Sure, you’ve got your homespun travel blog, which is like a diary entry. But you’ve also got more bloggers out there wanting to make it a career. With the latter, they’re refining their techniques.
But back to social media and society’s need for more personal recommendations… With travel bloggers, I feel like they’re in the trenches of travel with me. They’ve experienced unique places, some bloggers, their travel is similar in style to mine and many are excellent at sharing the “How to” information they’ve collected. Although guidebooks like Lonely Planet and Rough Guides hire writers that are travelers also, we don’t see their personalities or the struggles they face as travelers, and that can be a frame of reference, which makes travel bloggers more attractive.

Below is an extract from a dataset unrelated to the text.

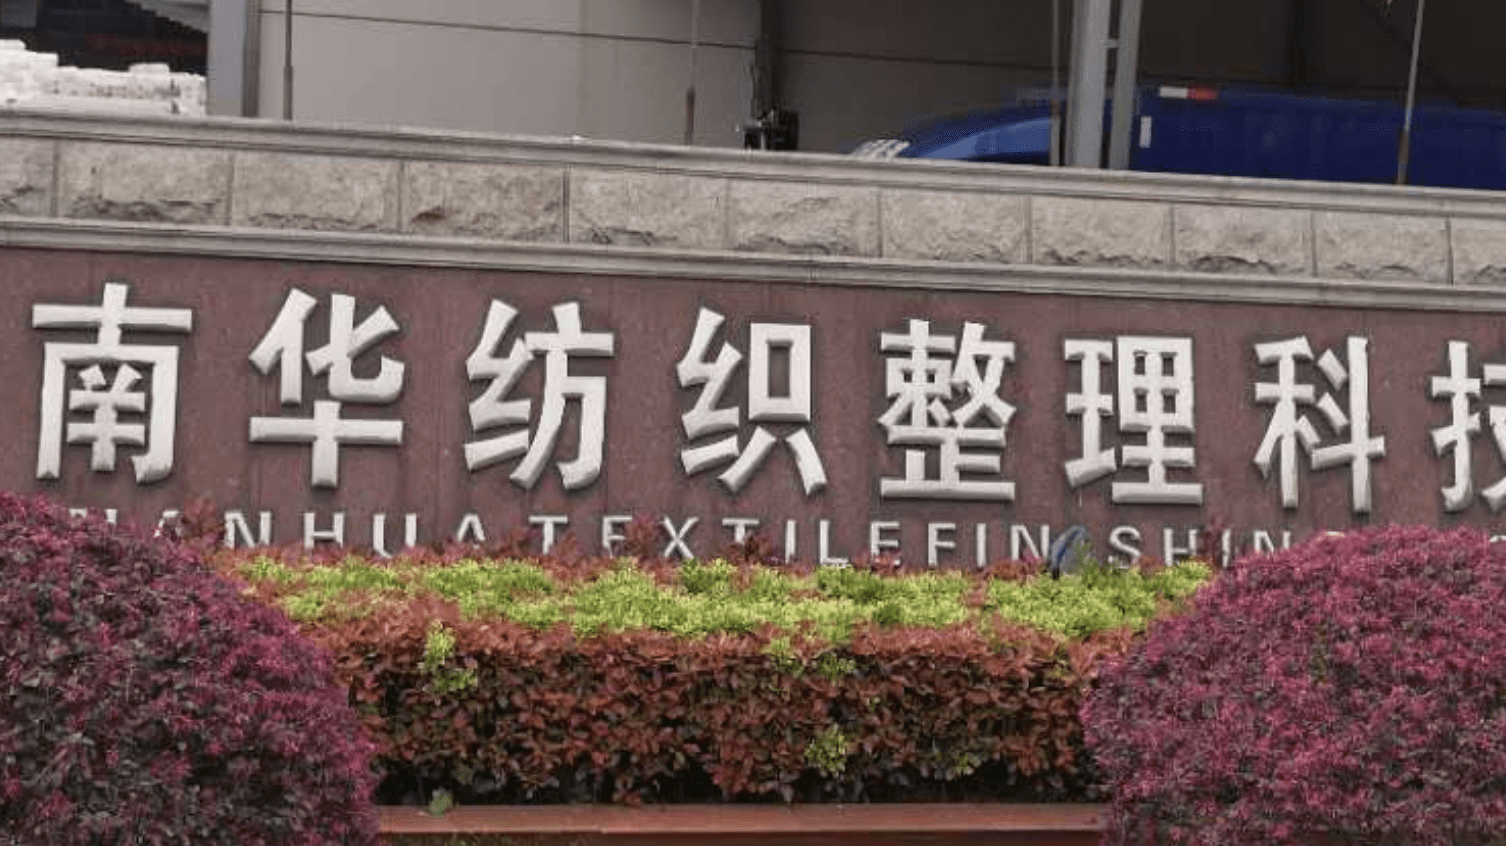 Building sign in Chinese

Travel bloggers are like an online travel reality show personalities. If they post the occasional photo of “my horror hotel” or “avoid this” to accompany a description, I feel an immediate kinship. It gives me extra peace of mind, if the blogger posts an informative location photo, which gives me visual reference to a place I’m going to or how to get there (informative pictures vs cultural ones is what I wish guidebooks had more of). But even if I’ve come to their website for the very first time, strictly for the information, I get that feeling that they’re very human, accessible and someone I can relate to… like a Facebook friend or a fellow traveler on Tripadvisor… someone like me. Sometimes, the blog, video and photo information they share can offer similar tips and more insight for me than a guidebook.
Some favorites, which come to mind as being called up in my Google searches for my most recent trip were Mark of Migrationology, a YouTuber and travel blogger, who authors badass information-packed e-book guides on food and travel, YouTuber Steve of QiRanger Adventures who’s your video inspiration into South Korea’s landmark sights and Robert’s Leave Your Daily Hell, who’s informative travel guides and articles are a great resource, as well . These three travel bloggers helped to kill my need for a guidebook on my last trip. They were my guidebooks.
Overall, there’s a wealth of travel bloggers, who are refining their way of crafting information. They’re traveling or are locals at your next destination.
While it might be a stretch to say travel bloggers will completely replace guidebooks, they are the new travel guides of today. They’re all wanting to show you how you can live a fuller and more rewarding travel experience, to do it your way and within your budget.